PROVIDED MATERIAL |
:::
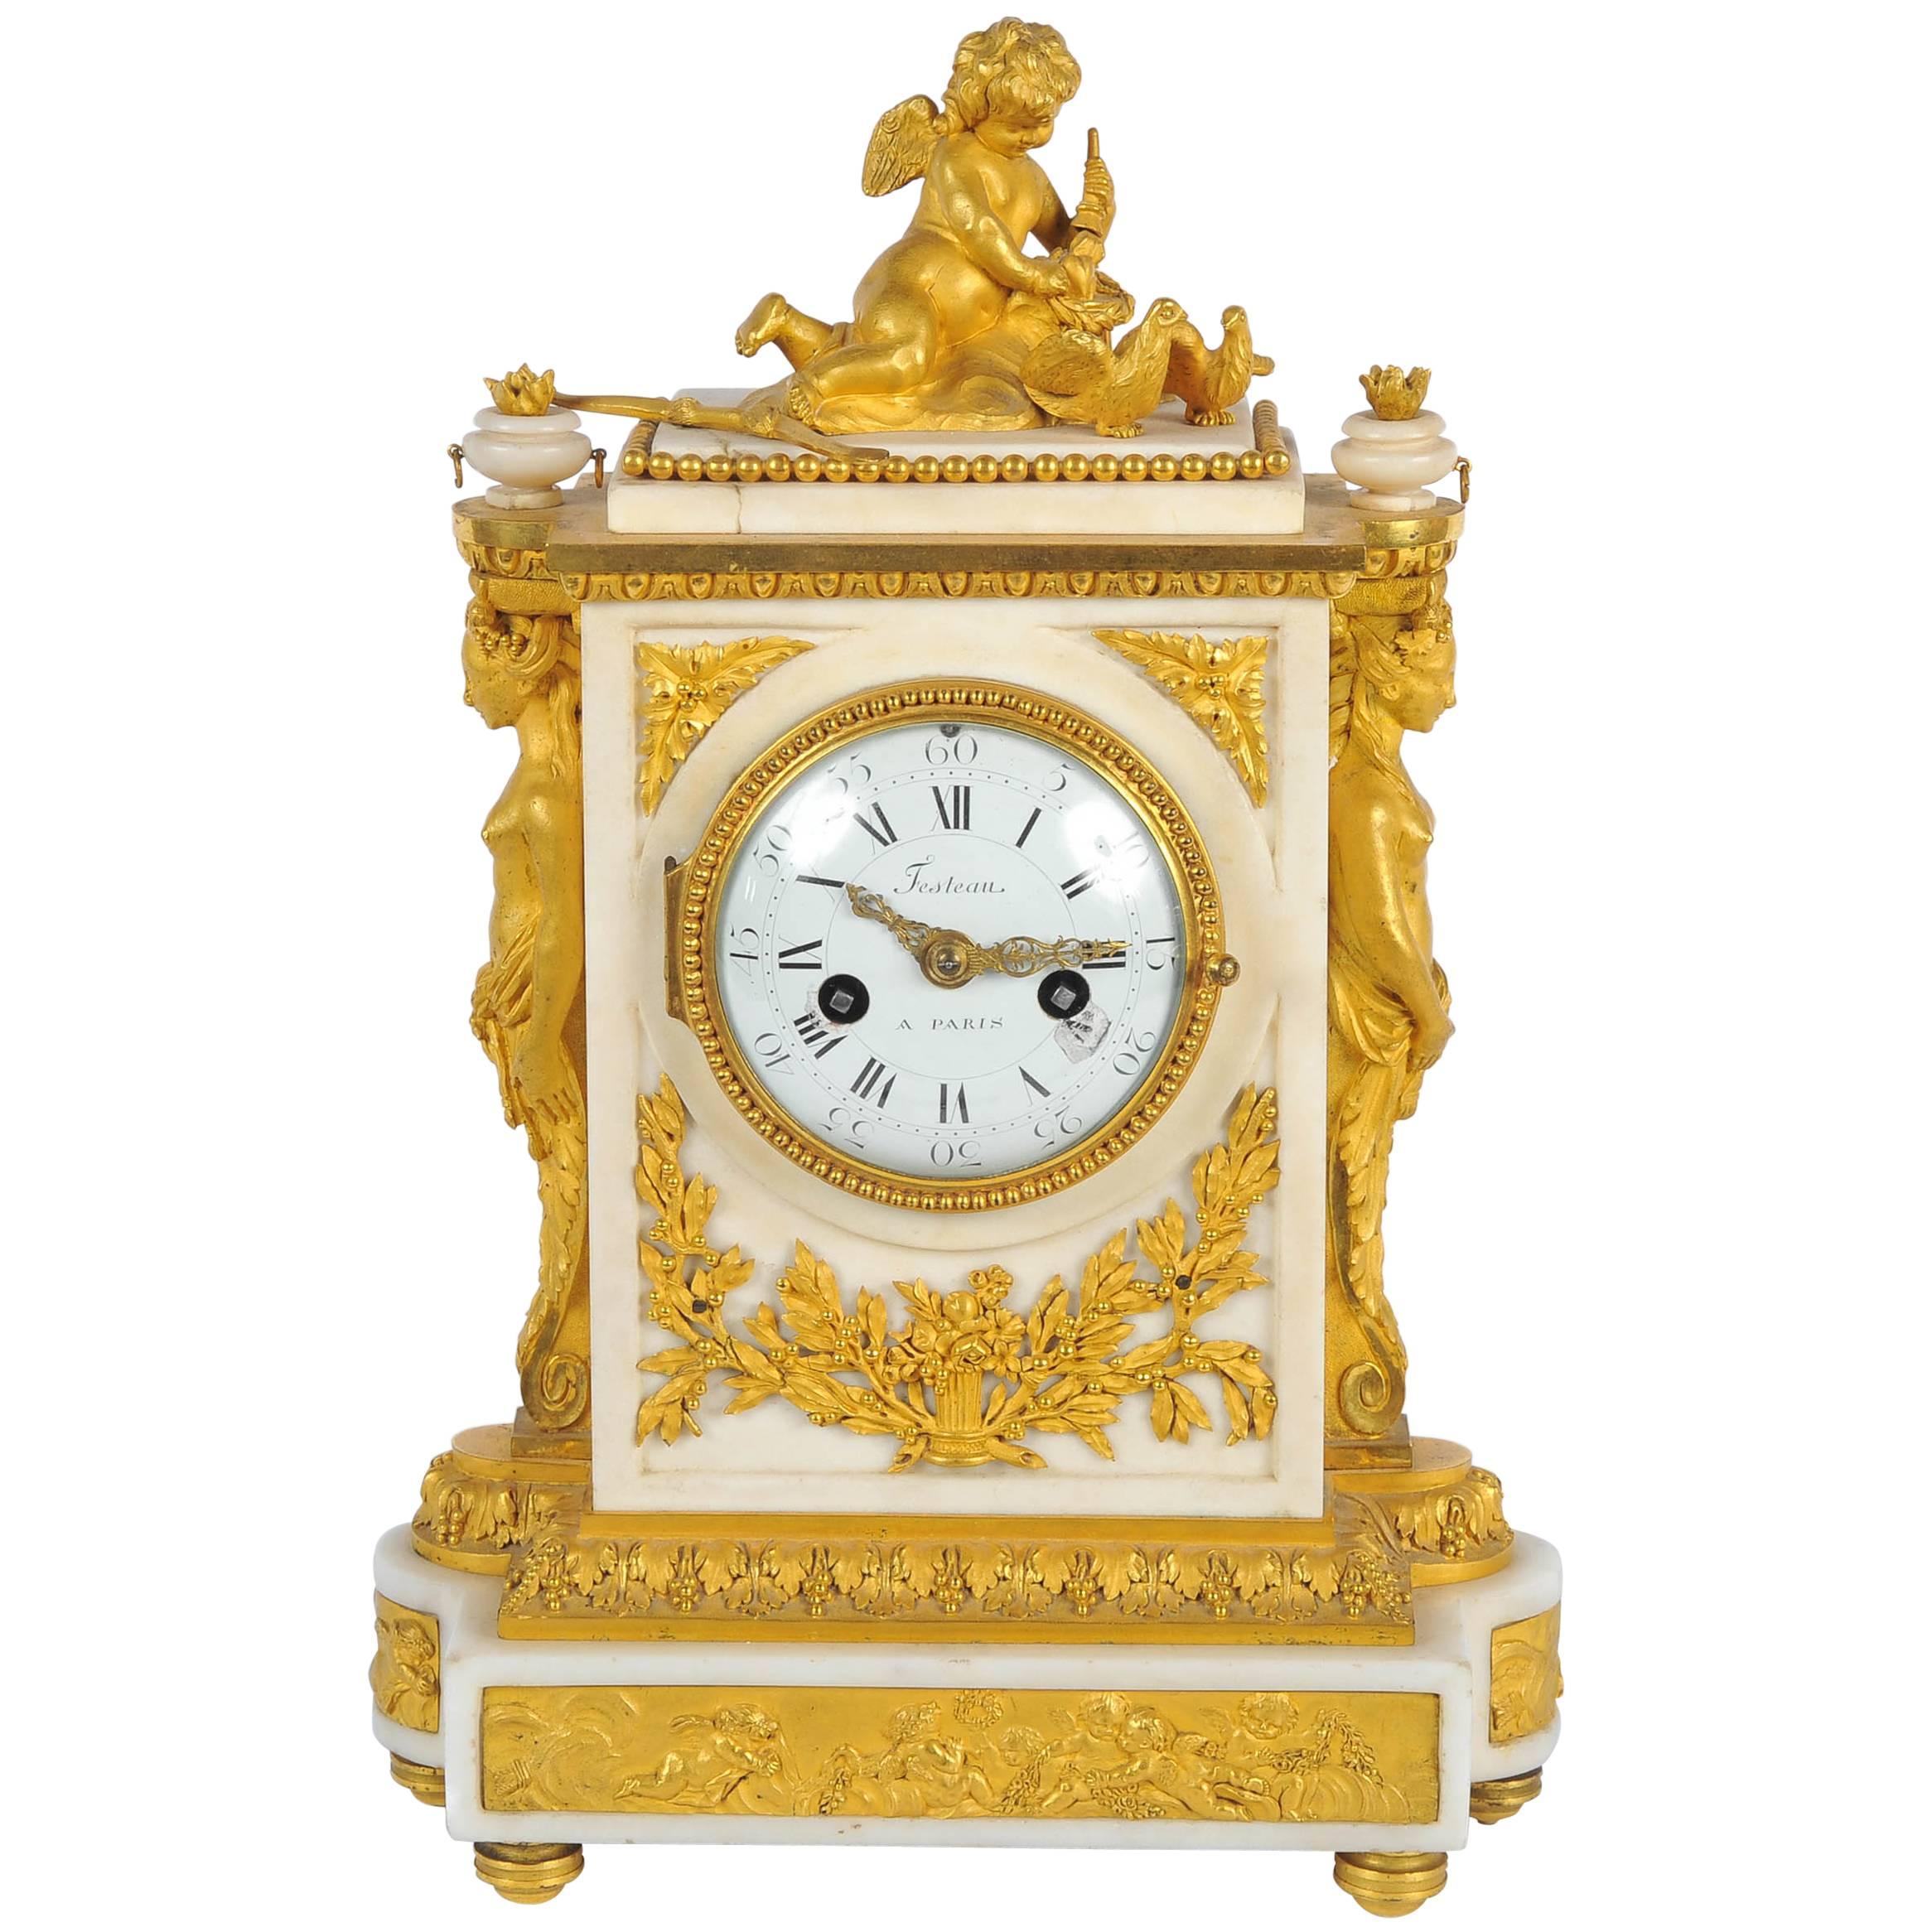 19th Century French Mantel Clock, Louis XVI style, by Festeau, Paris
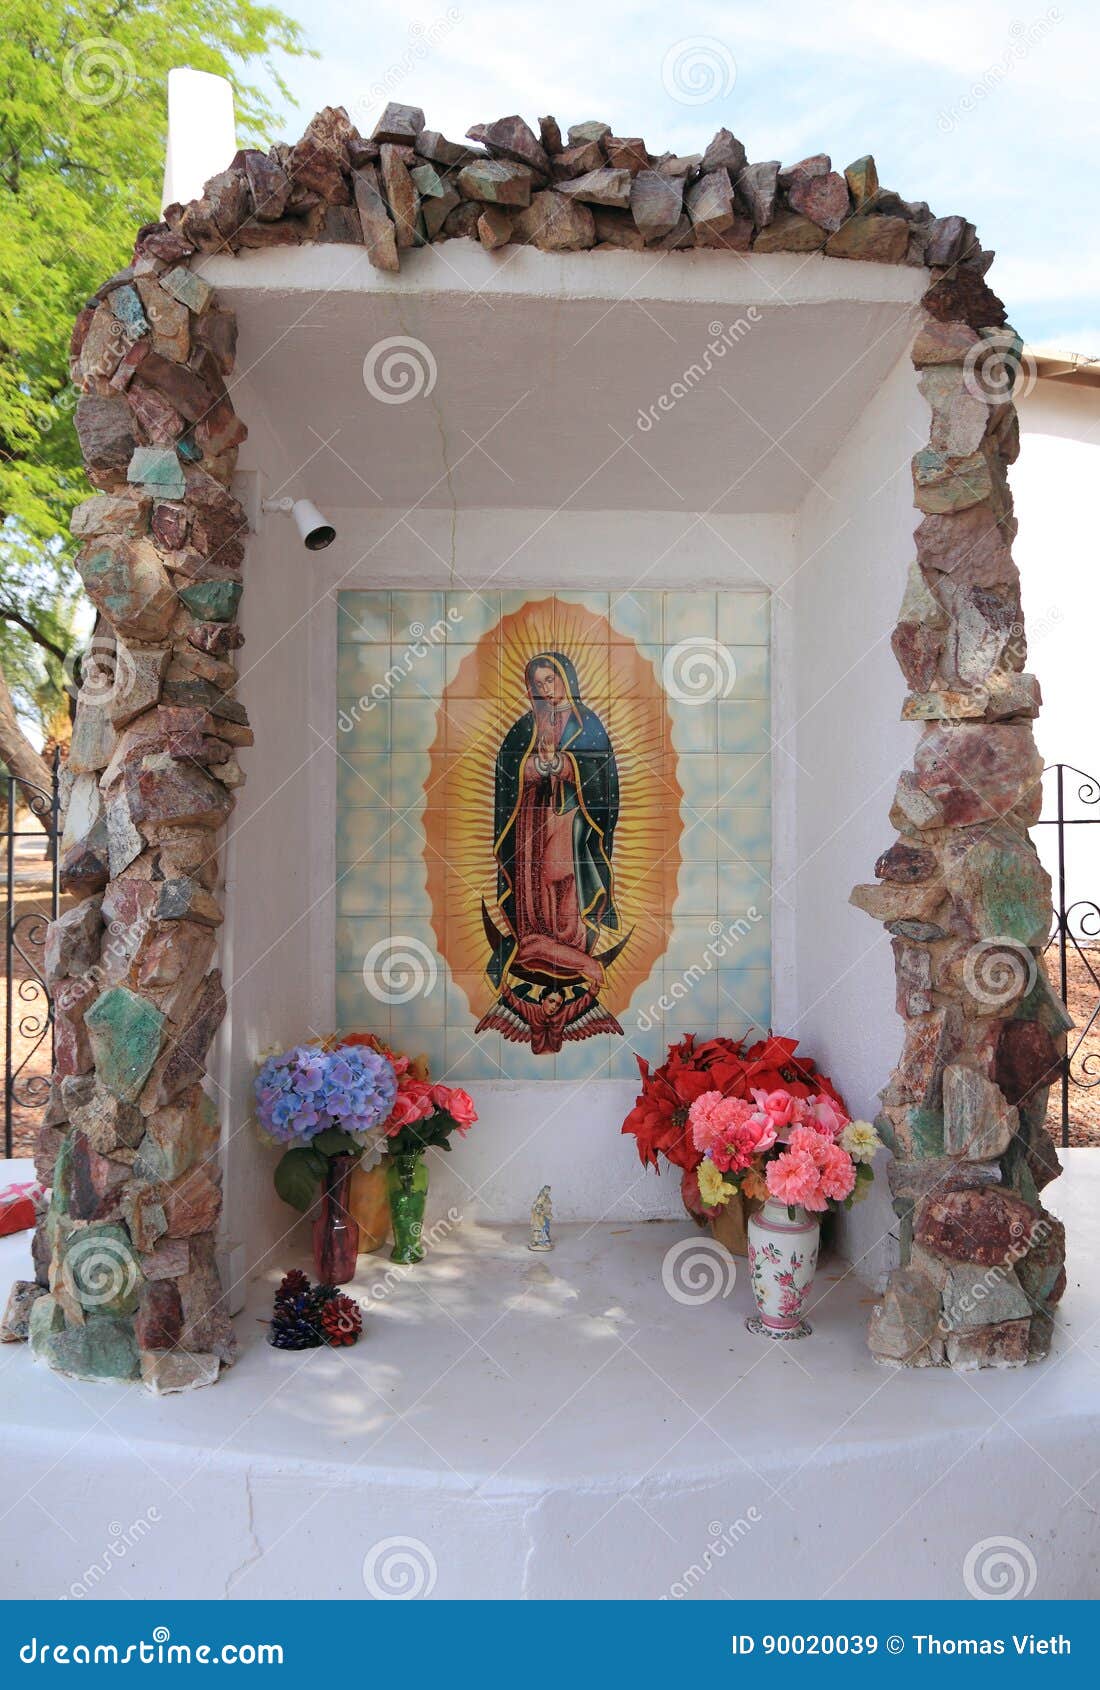 florence, arizona: virgin mary tile mosaic
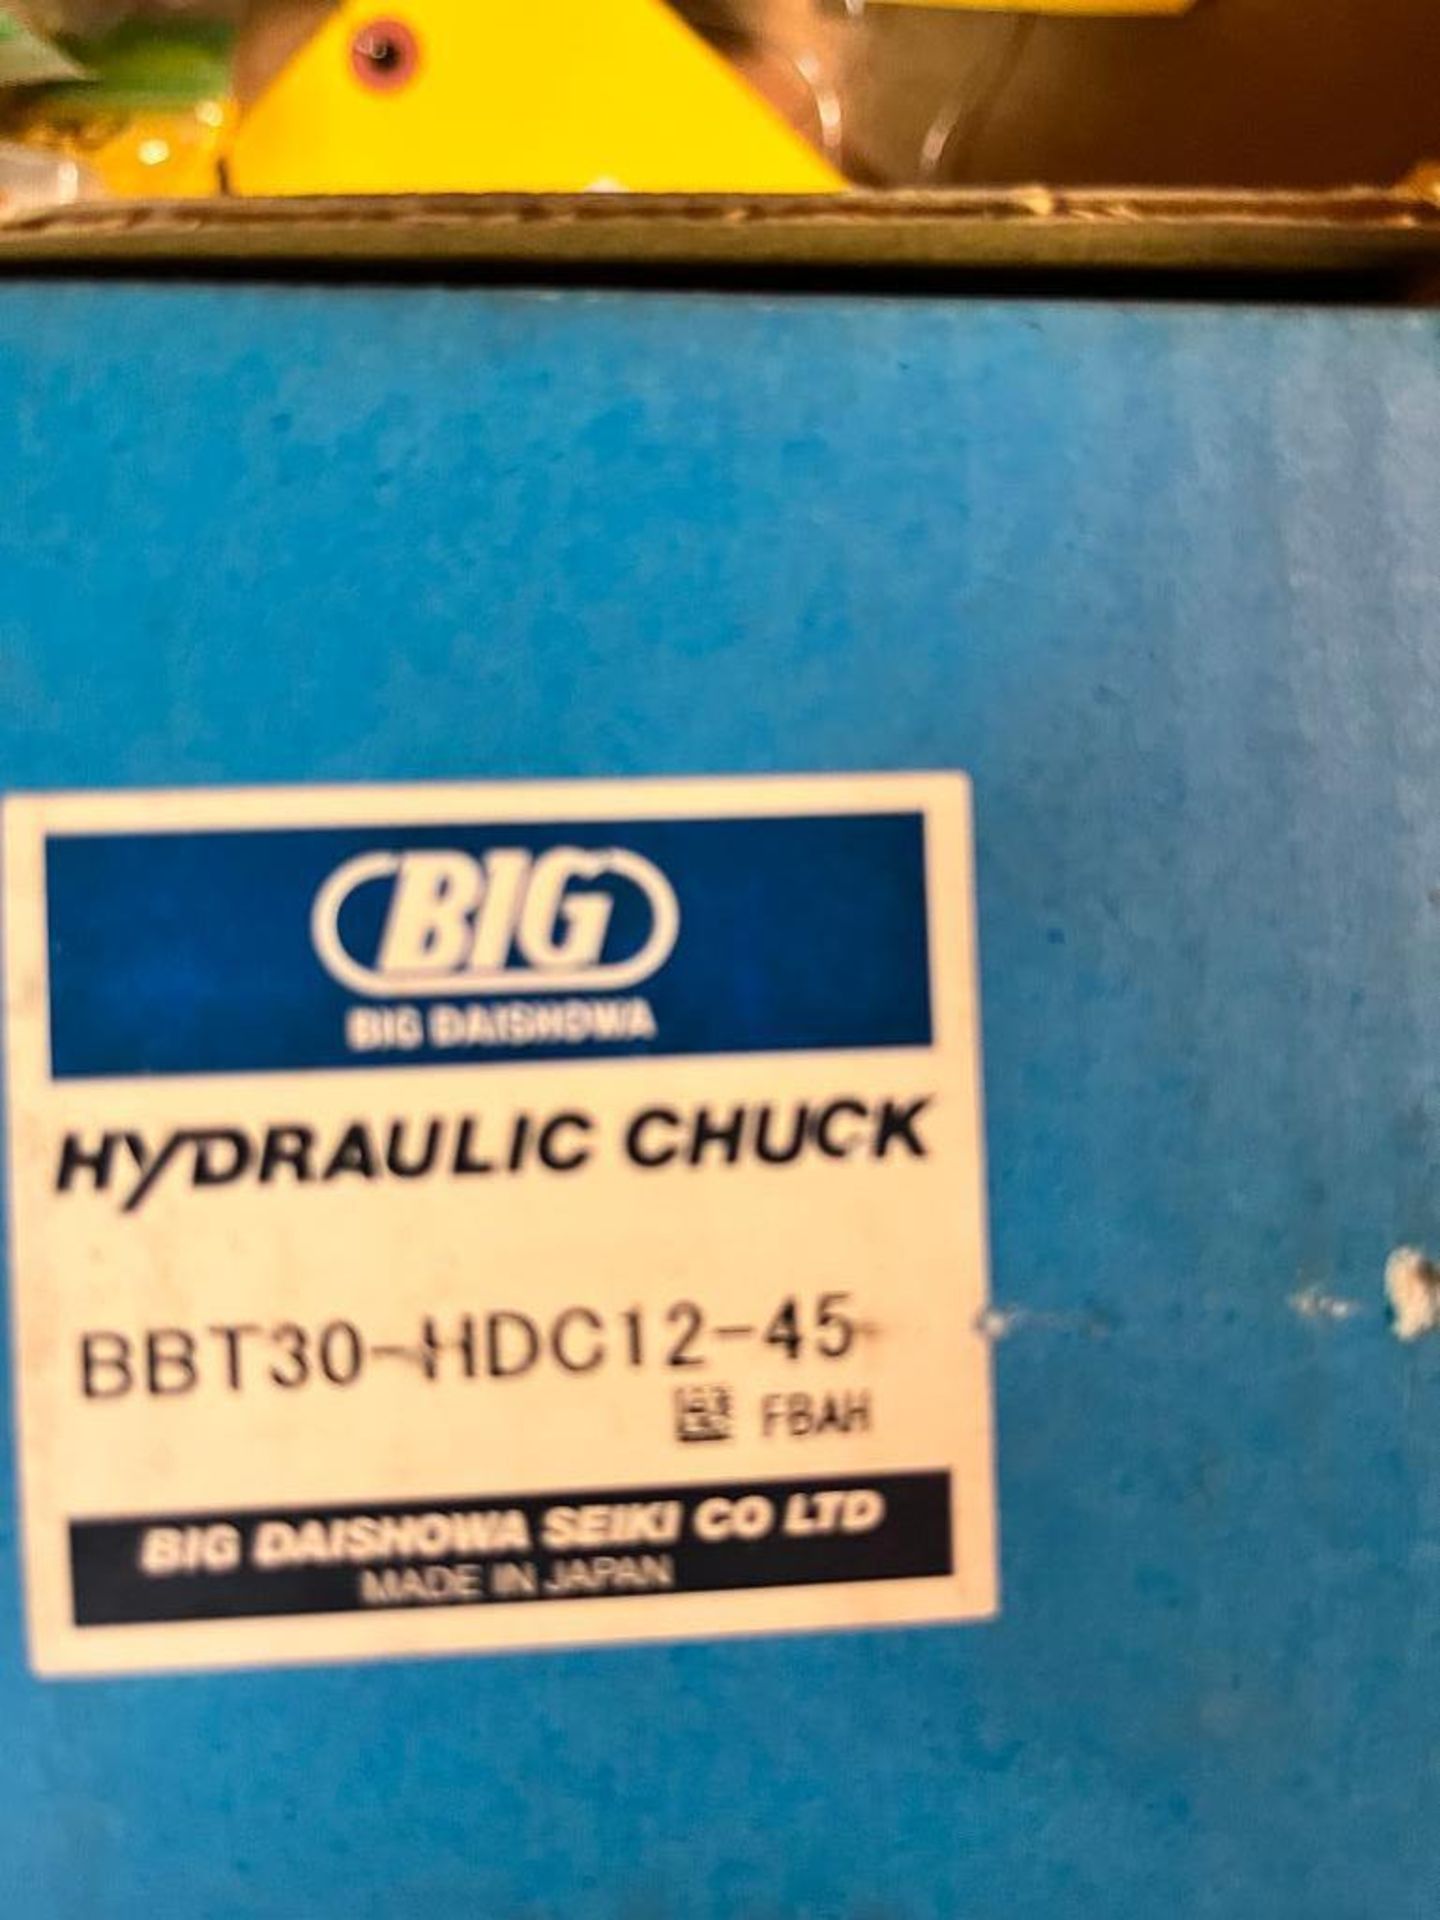 Big Daishowa Hydraulic Chuck, BBT30-HDC12-45 - Image 2 of 3
:::
WHAT THE TASK ASKS | Please retype the data exactly, but do not carry over any picture.

EXERCISE RESULT |
 19th Century French Mantel Clock, Louis XVI style, by Festeau, Paris
 florence, arizona: virgin mary tile mosaic
 Big Daishowa Hydraulic Chuck, BBT30-HDC12-45 - Image 2 of 3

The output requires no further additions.